Plusieurs dispositifs existent pour accompagner les personnes souffrant de discopathie dégénérative dans leur vie professionnelle. Si la pathologie limite l’aptitude au poste, le médecin du travail peut déclarer une inaptitude. Dans ce cas, l’employeur est tenu de chercher un poste de reclassement adapté aux capacités du salarié. Si aucun poste n’est trouvé, un licenciement pour inaptitude peut être envisagé, avec indemnités.
Le salarié peut également demander la reconnaissance de la qualité de travailleur handicapé (RQTH). Cette reconnaissance permet un accès facilité à certains droits : accompagnement dans l’emploi, aides à l’adaptation du poste, priorité pour certains recrutements, et avantages liés à l’obligation d’emploi de travailleurs handicapés dans les entreprises.
En cas de douleurs invalidantes et durables, une pension d’invalidité peut être sollicitée auprès de la Sécurité sociale. Cela permet de compenser une perte de revenus lorsque la personne ne peut plus exercer son activité à temps plein ou doit changer de métier.
L’avis des professionnels de santé
Selon les rhumatologues, il ne faut pas forcément arrêter toute activité professionnelle. L’immobilité totale est même déconseillée, car elle favorise l’aggravation des douleurs et la perte musculaire. Une activité modérée et adaptée, associée à un suivi régulier en kinésithérapie, reste le meilleur traitement.

Les kinésithérapeutes insistent sur l’importance de renforcer les muscles du dos et de maintenir une certaine mobilité, tout en évitant les gestes qui sollicitent excessivement la colonne vertébrale. L’objectif est de rester actif sans aggraver la pathologie.
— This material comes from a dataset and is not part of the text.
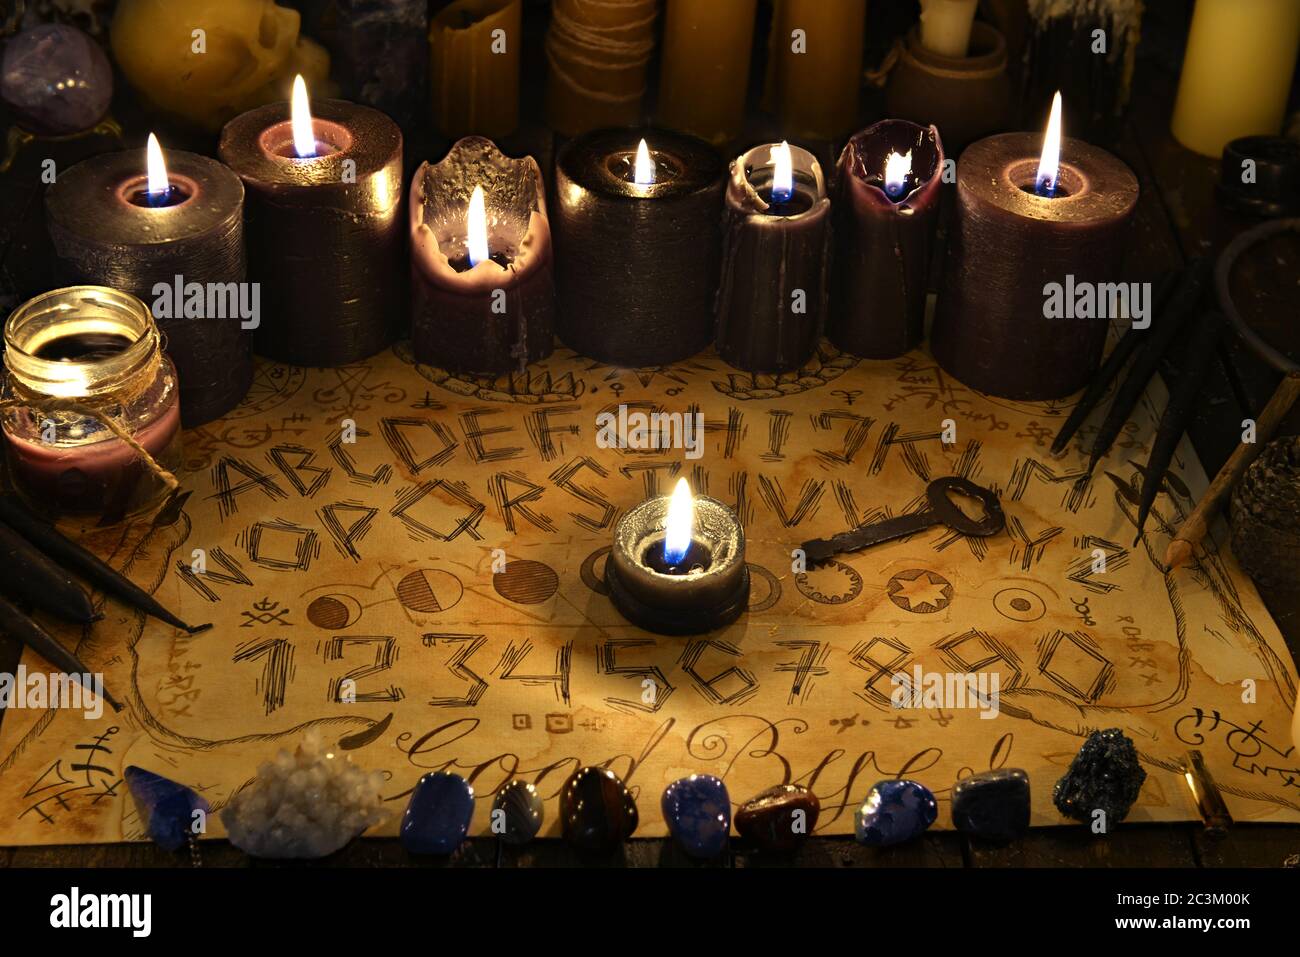 Talking spiritual board with black candles and old key. Wicca, esoteric and occult background with vintage magic objects for mystic rituals. Halloween Stock Photo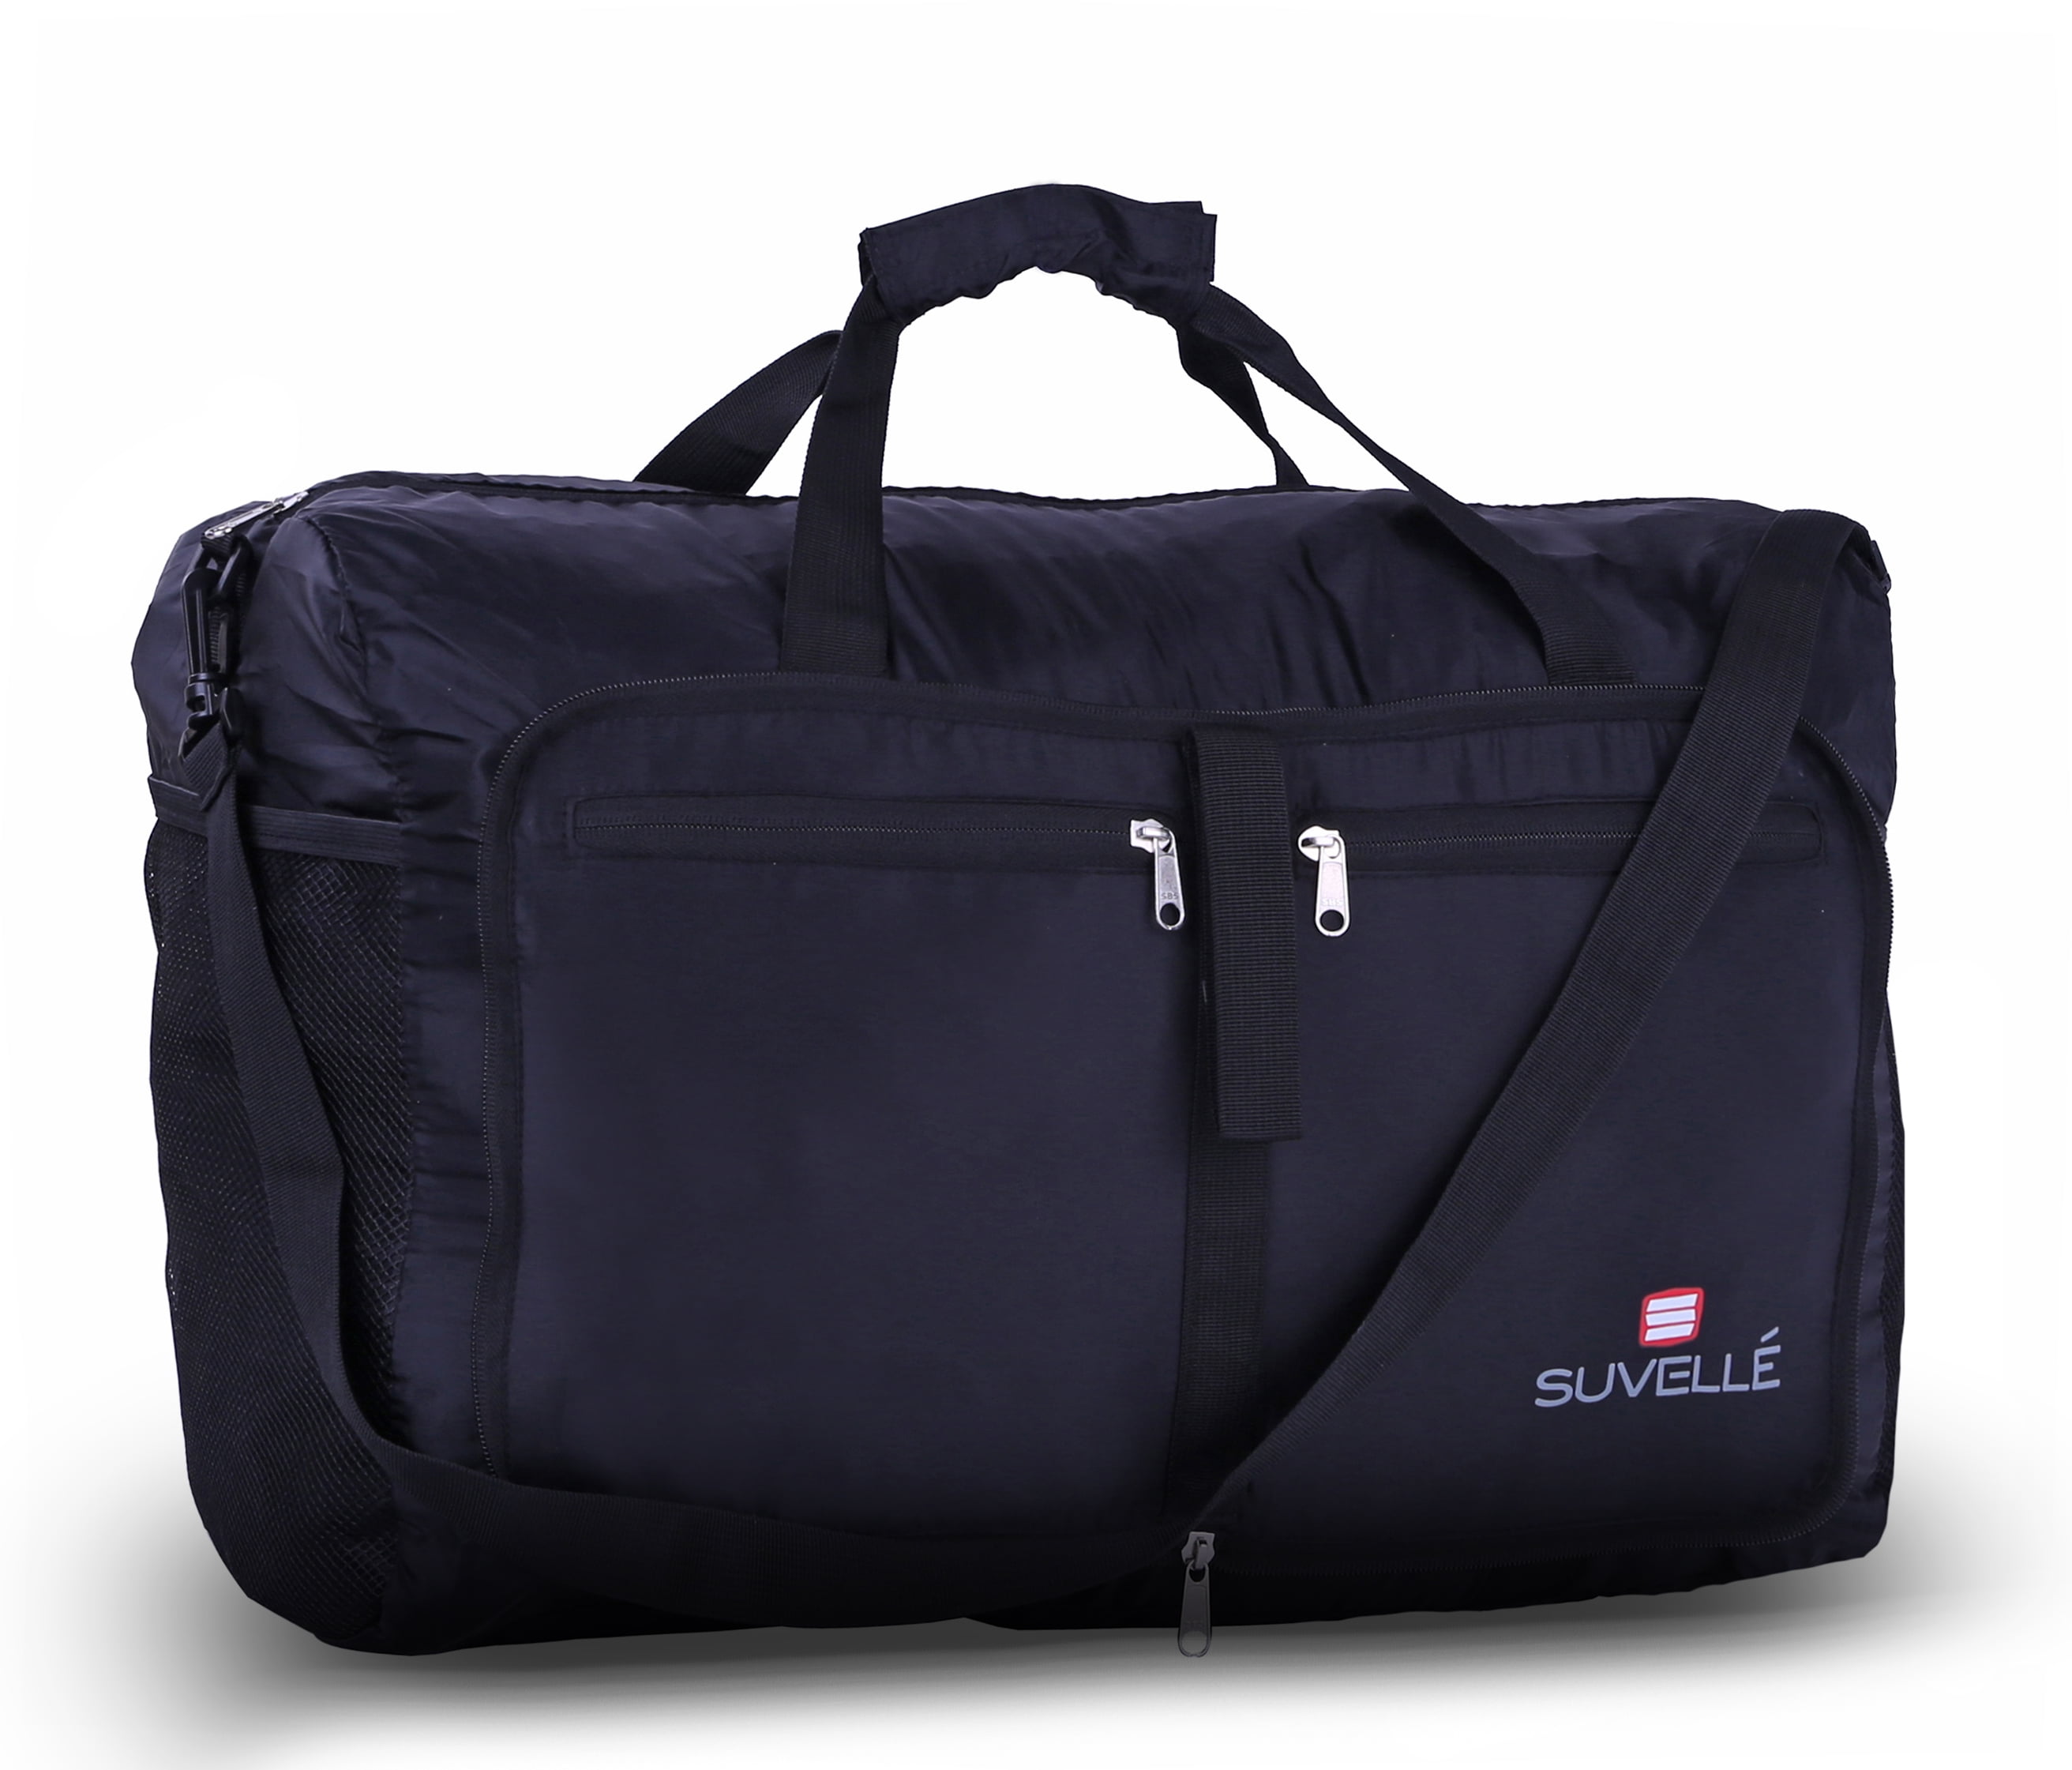 SUVELLÉ Suvelle Lightweight 21 Travel Foldable Duffel Bag for Luggage Gym Sports Water Resistant Nylon Duffle

« Il est tout à fait possible de travailler avec une discopathie dégénérative, à condition d’écouter son corps, d’adapter son environnement, et d’être bien entouré médicalement », souligne le Dr L. Charpentier, spécialiste en médecine physique et réadaptation.
Conclusion
Peut-on travailler avec une discopathie dégénérative ? La réponse est oui, dans la majorité des cas, mais cela suppose une réelle prise en compte de la pathologie, tant sur le plan médical que professionnel. Le maintien dans l’emploi est souvent possible grâce à des aménagements adaptés, à une bonne communication avec l’employeur, et à la mobilisation des dispositifs existants comme la RQTH ou le reclassement professionnel.La priorité doit rester la santé. Si vous souffrez de discopathie dégénérative, n’attendez pas que la douleur s’installe durablement. Parlez-en à votre médecin traitant, consultez un médecin du travail, et explorez toutes les solutions pour continuer à travailler dans des conditions compatibles avec votre état.